There may be other risks involved in forex trading. When you talk to a dealer, make sure that you also cover risks. You need to understand how they can mitigate or handle the risks.

#6 Who are the forex brokers?

From the several points and concepts we have discussed, we also give emphasis to the broker or the dealer who or where investors entrust their financial investments.  

The relationship between you and your broker is crucial to ensure that you will succeed in the trading business. When trading in foreign exchange, an investor like you, have dealers or brokers to serve as the intermediary.

They can give you access to the platform where the currencies are traded. Hence, now you can buy and sell different currencies.

Through the forex brokers and the advent of the Internet, small-scale investors or the individual investors can now participate in foreign exchange trading. The brokers or dealers will be your salesman and help you through the trading process.

They can even lend you finances for your margin (leverage trading). Therefore, they can help you in many ways.

The brokers can be compensated in different ways. They can have a transaction fee which may represent a percentage of your transaction.

They can also earn through the spread or the ask and bid process through selling the currency slightly higher than the original purchase price. 

In Singapore, there are several brokers and dealers. In choosing your dealer, you need to keep in mind their legitimacy, reputation, and performance.
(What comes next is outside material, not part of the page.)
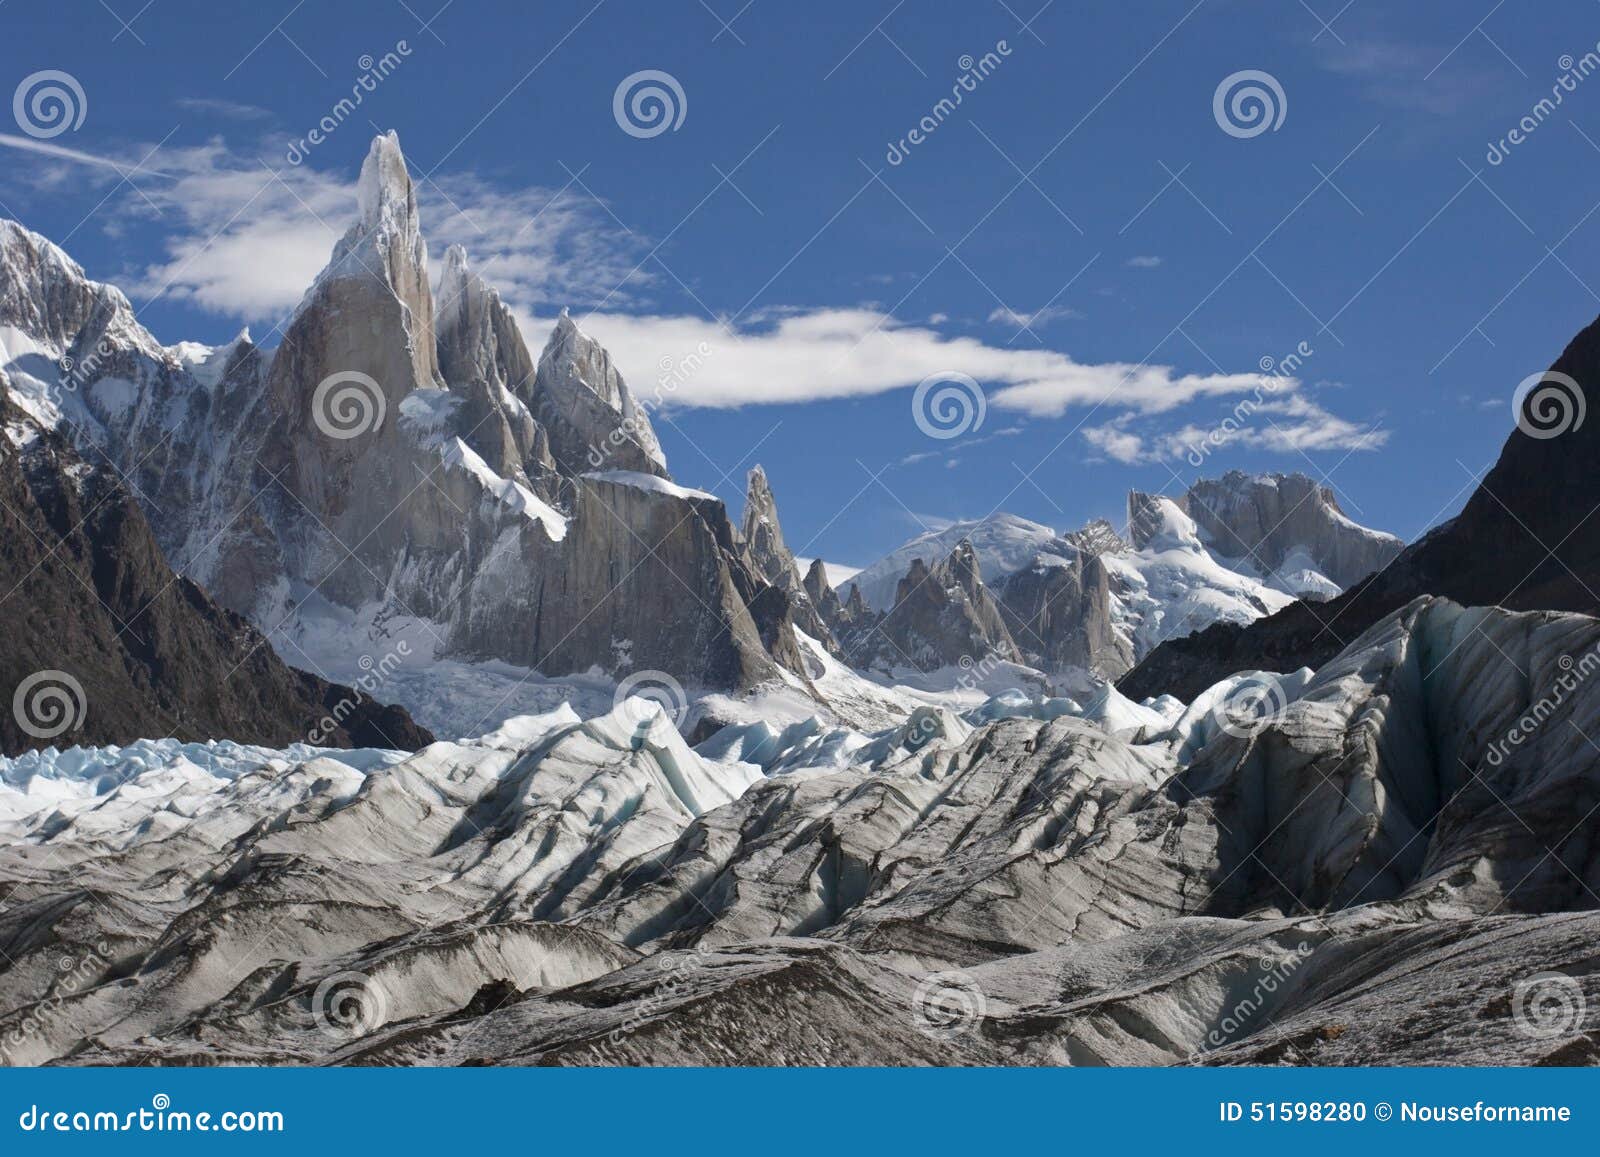 to cerro torre glacier, patagonia, argentina

You need to partner with a dealer that you are comfortable with their set-up and strategies.  

#7 What characteristics should successful brokers and platforms have?

The characteristics each dealer in forex trading are quite simple that what you might think.

The one important thing they should provide knowledge of the basics, allow you to experience and always update your information, and you can understand the strategies used by the dealers and platforms. 

Provide knowledge — They say that knowledge is power. It is true and applicable in any endeavor but is one of the strongest foundation of forex trading success.

You may start from this post, but you need to expand your knowledge of the basics and the ins and outs of the industry.

One thing you can do is tap a dealer or broker who can transfer learning to you to enable you to start your trade. There are also platforms, where you can access the information that you need.

You just have to cross-check to examine the validity and accuracy of the information you have gathered.  

Allows you to experience — Theoretical knowledge is a good way to start learning the forex trading business. It should be backed by relevant experiences. You can ask the dealer or broker to let you observe how the trading really works to give you a concrete understanding of the industry. 

If you cannot tap a broker or dealer, a forex trading platform also works. You just have to make sure that it offers a demo program for beginners or learners like you. There are platforms that let you experience through simulated trading with the use of fake or play money.

Through this approach, your knowledge of the industry will be applied and put into test. It can also help you design your own strategy when you get to the real thing.

Provide reliable information — It is not enough to know fundamentals of forex trading because the business is very dynamic. The slight changes can influence your success. It is like reading your news to know what is happening around you. In forex trading, you also have to update your knowledge to keep up with the shifts.

It is not enough to know fundamentals of forex trading because the business is very dynamic. The slight changes can influence your success. It is like reading your news to know what is happening around you. In forex trading, you also have to update your knowledge to keep up with the shifts.

Information reliability also applies when choosing a dealer or platform.

That is, when you choose to tap with a dealer or use a certain platform, make sure that they are legitimate and that they offer valuable, updated, reliable and relevant information to you.